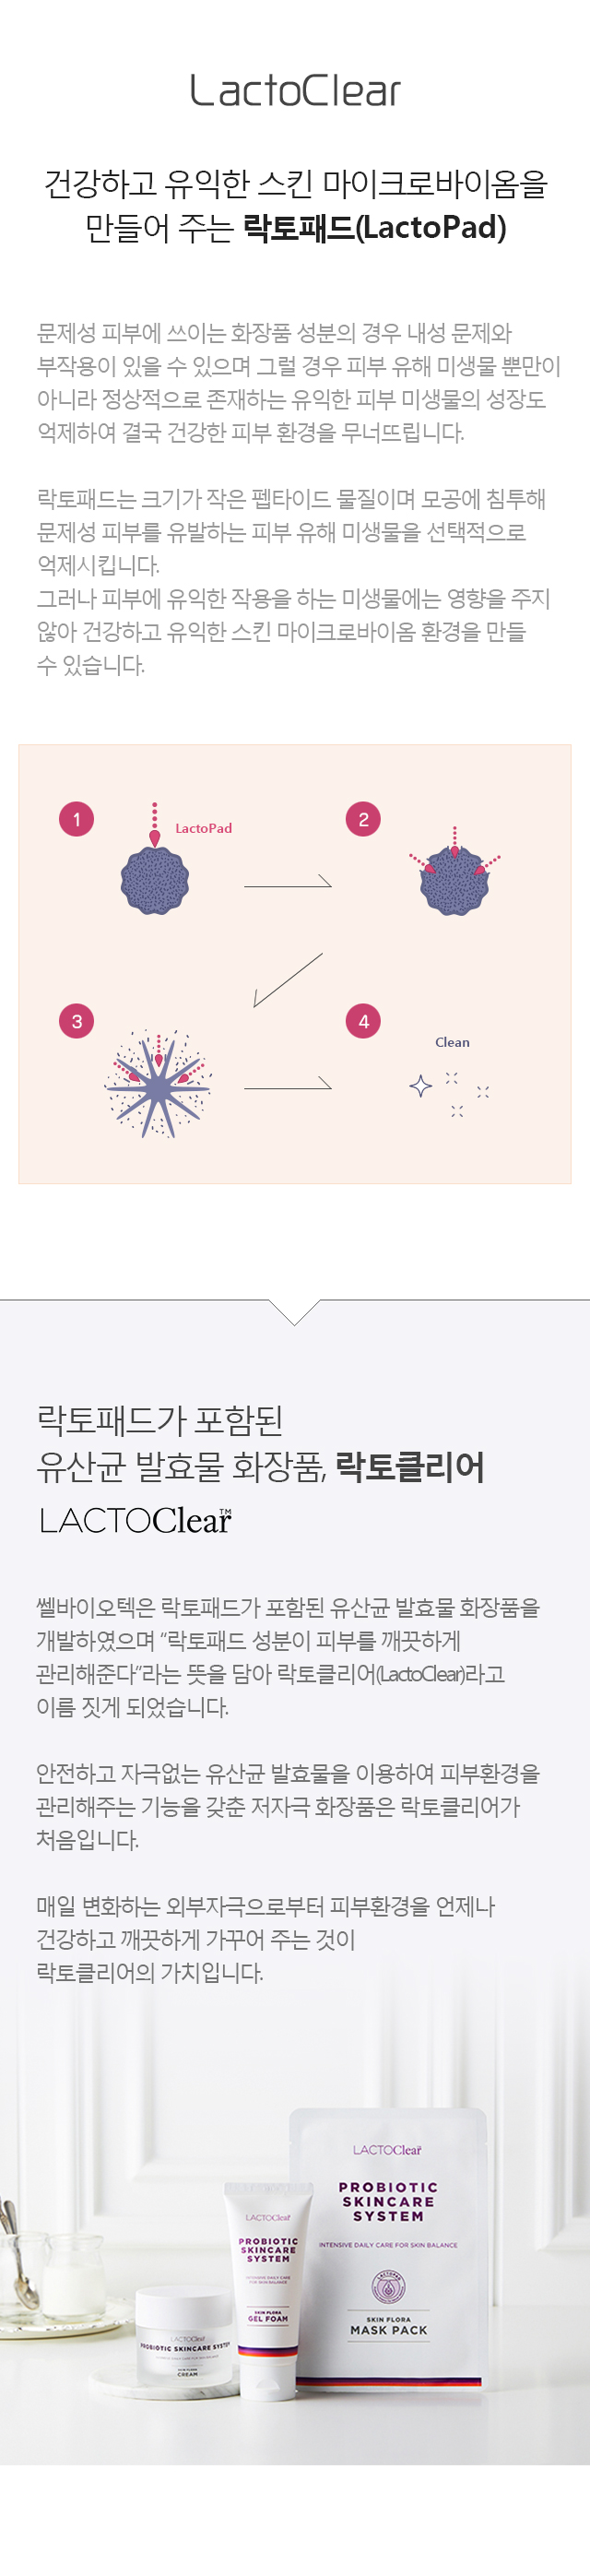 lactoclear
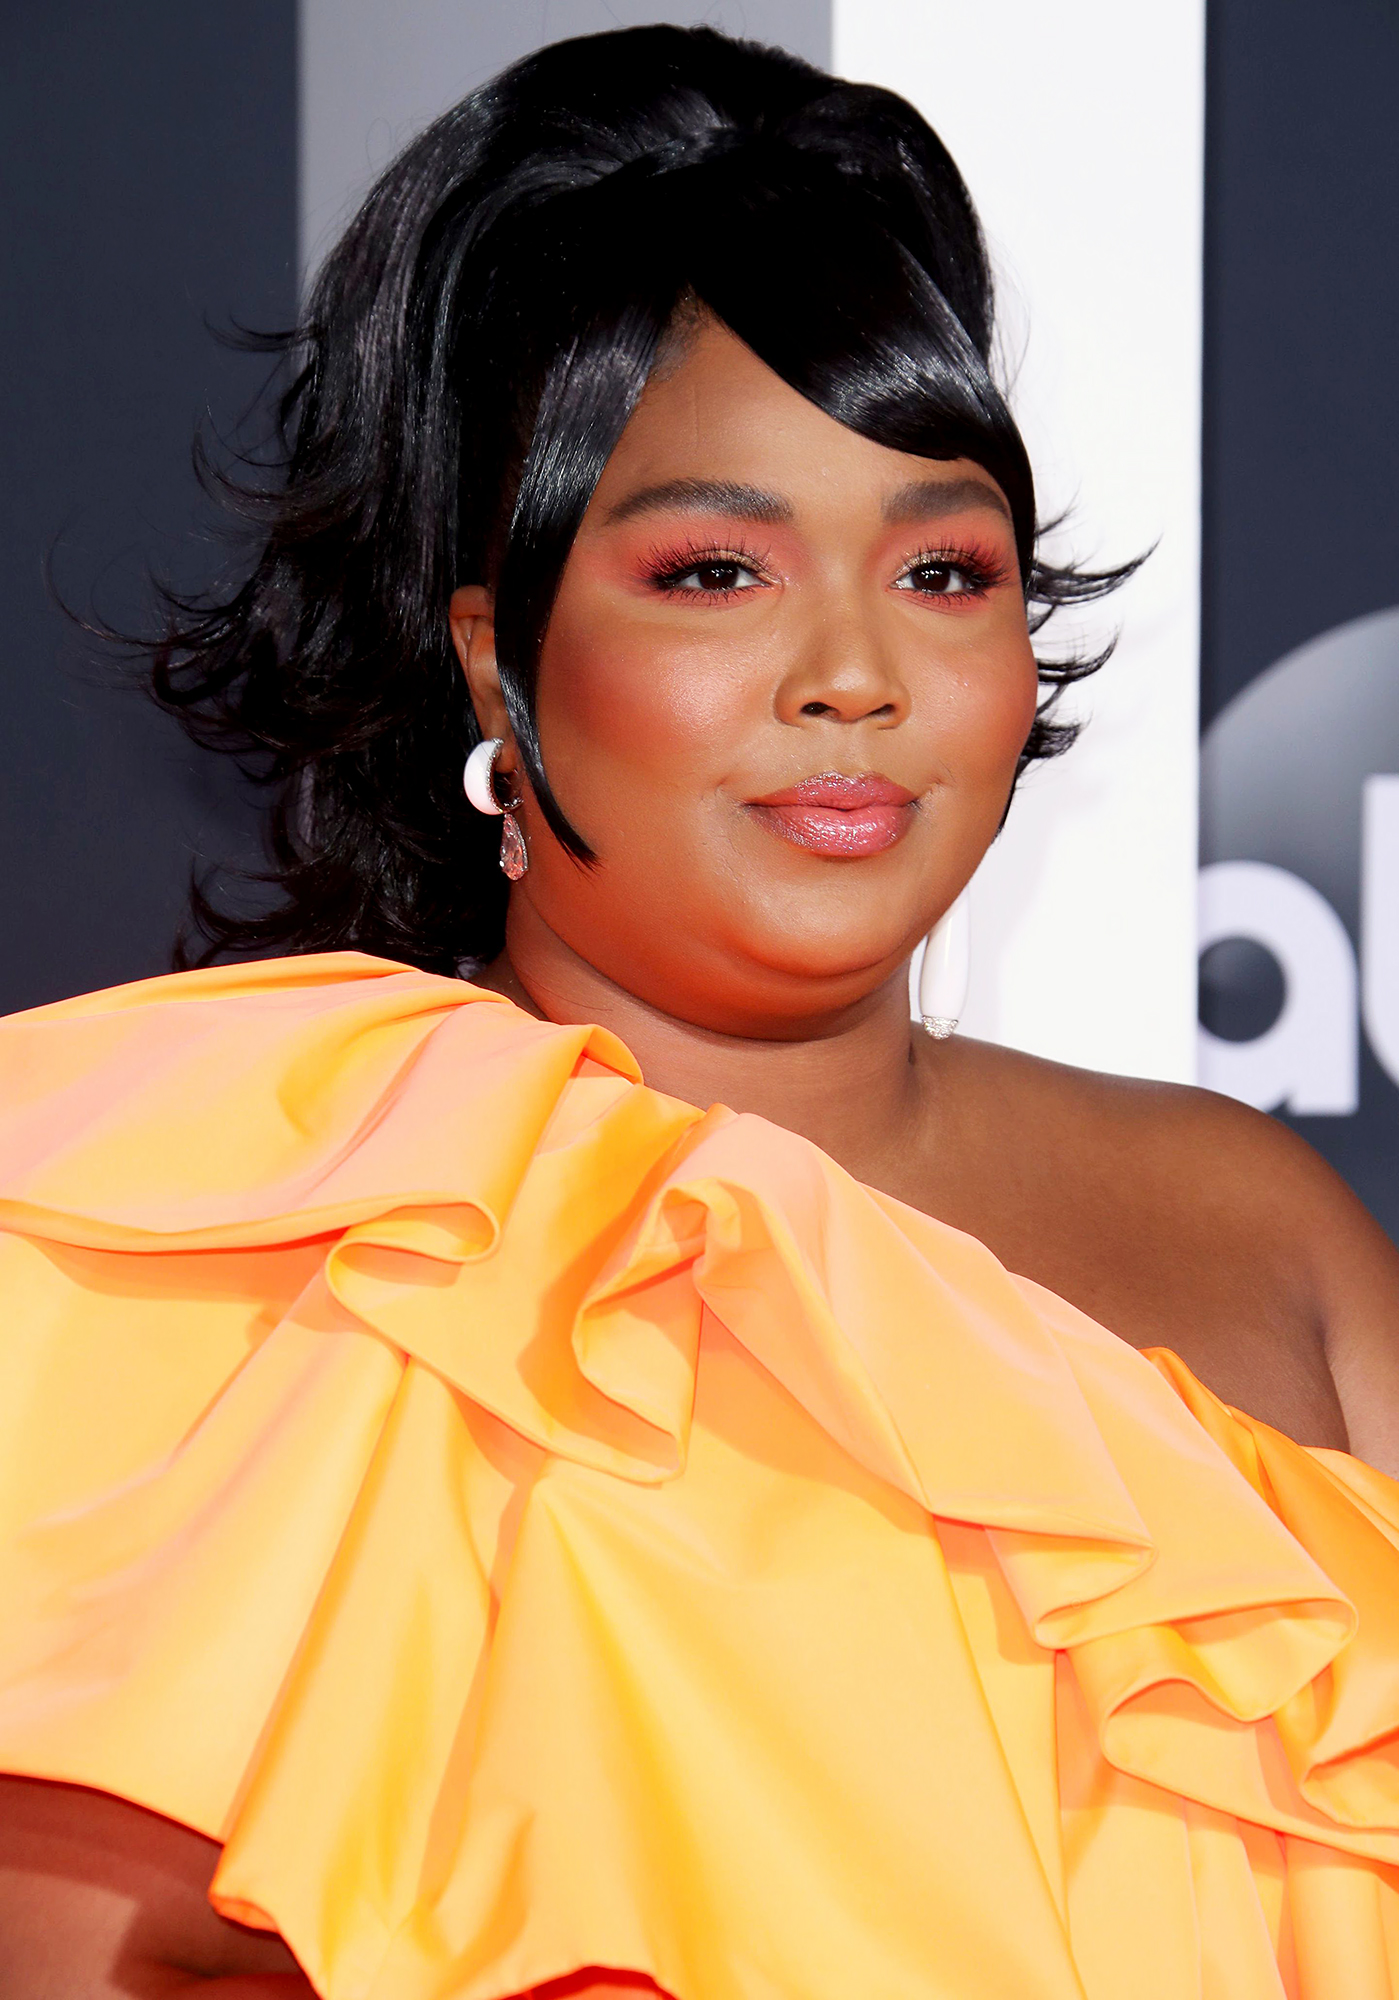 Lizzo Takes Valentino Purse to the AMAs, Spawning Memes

++++++

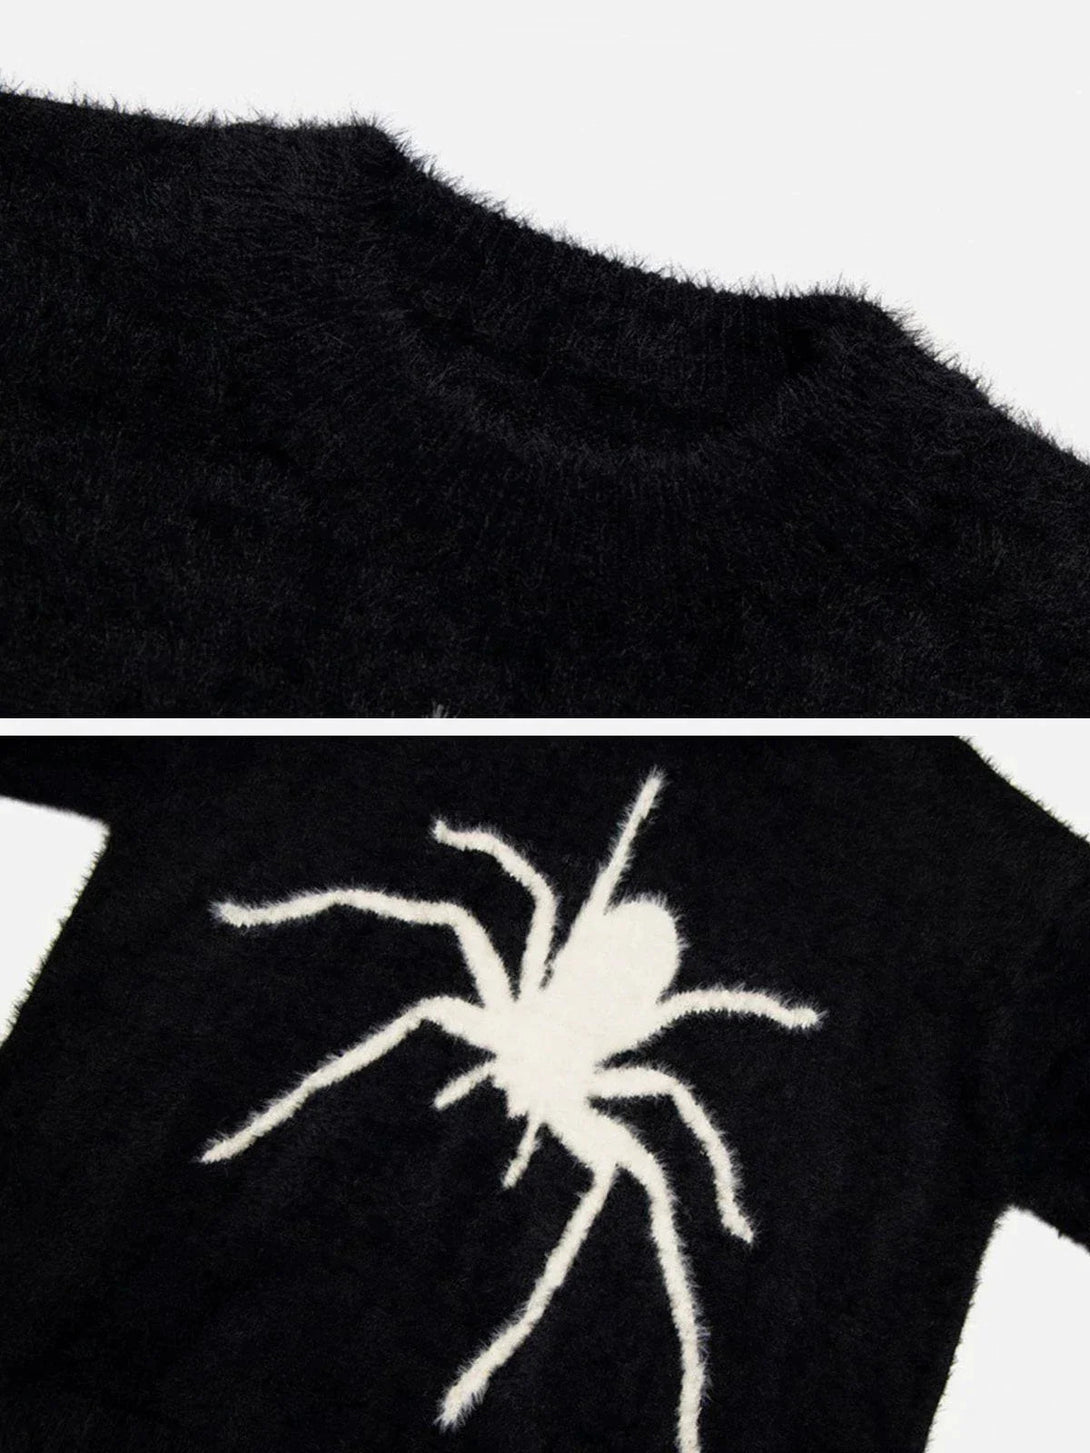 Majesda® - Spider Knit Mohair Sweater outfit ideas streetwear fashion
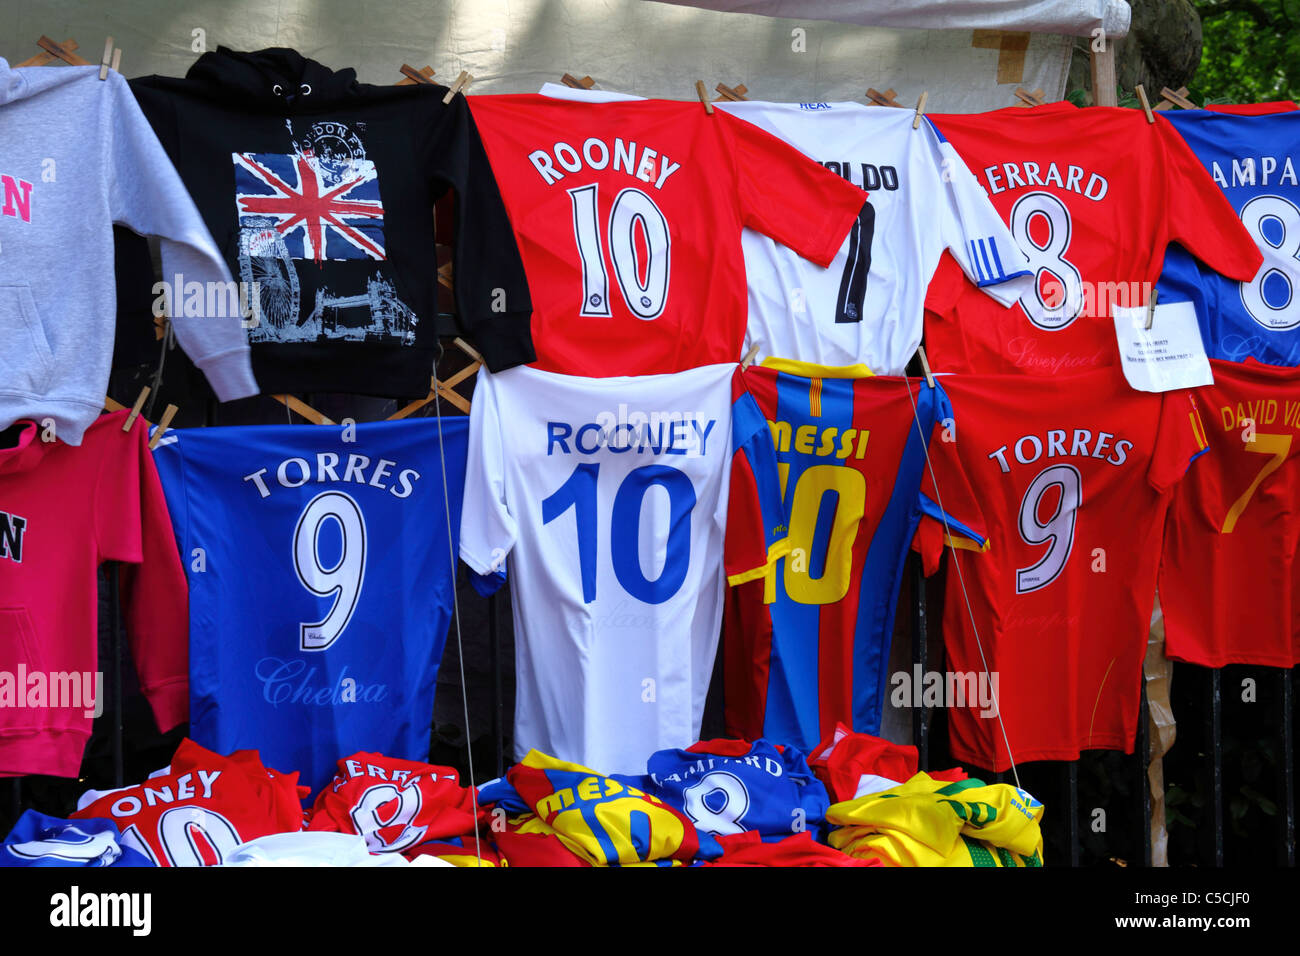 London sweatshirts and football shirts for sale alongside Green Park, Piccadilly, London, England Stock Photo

++++++

TASK GOAL
Only one stretch of the listing is wanted: the lines starting at the one with "Majesda® - Spider" and ending at the one with "London sweatshirts and", copied exactly and free of pictures.

EXERCISE RESULT
 Majesda® - Spider Knit Mohair Sweater outfit ideas streetwear fashion
 London sweatshirts and football shirts for sale alongside Green Park, Piccadilly, London, England Stock Photo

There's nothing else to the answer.